Our new pipeline of how the script system work is like below:
```graphviz
digraph User_OnSelectNpc_pipleline {
rankdir=LR;
node [shape=record];
{ "User::OnPacket"->"Script::Run"->"lua_resume"; }
}
```
The difference between lua_resume and lua_pcall is that the former just invoke the script asynchronously and return a state immediately(if the value is LUA_OK or value not LUA_YIELD, we abort the script) unlike the latter one which wait the whole script being run through.

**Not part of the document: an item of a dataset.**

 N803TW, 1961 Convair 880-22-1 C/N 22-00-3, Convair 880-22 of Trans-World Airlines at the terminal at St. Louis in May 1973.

Now we don't need std::thread and conditional variables anymore, the new Script::Wait simply calls lua_yield to pause the execution, and Script::Notify just calls Script::Run to resume the execution. For implementation details, please refer to [8793fce](https://github.com/tnsc4502/mnwvs196/tree/8793fceed8440dd936881e901234b02118f98f21), we divided the script system into core, conversation-related and others.
Using coroutine doesn't cause any D.C. problem, and the overall performance seems better than using std::thread and conditional variables.
In the other scenario, the FieldSet may invoke an arbitrary function in scripts(like events in OD). For example, when reaching the time limit, we may want to call onTimedOut in the script to do some stuffs. To call lua a function from C++ side, it requires first calling lua_getglobal(lua state obj, "func name"), and then calling lua_resume. But luaL_loadfile won't get all symbols in the script since it doesn't run through the whole script, we need to call lua_pcall after initializing the script.
To conclude, the script system in wvs project is adaptable to any scenarios in MapleStory and is stable enough though most helper functions like transerFieldRequest haven't implemented yet LEL.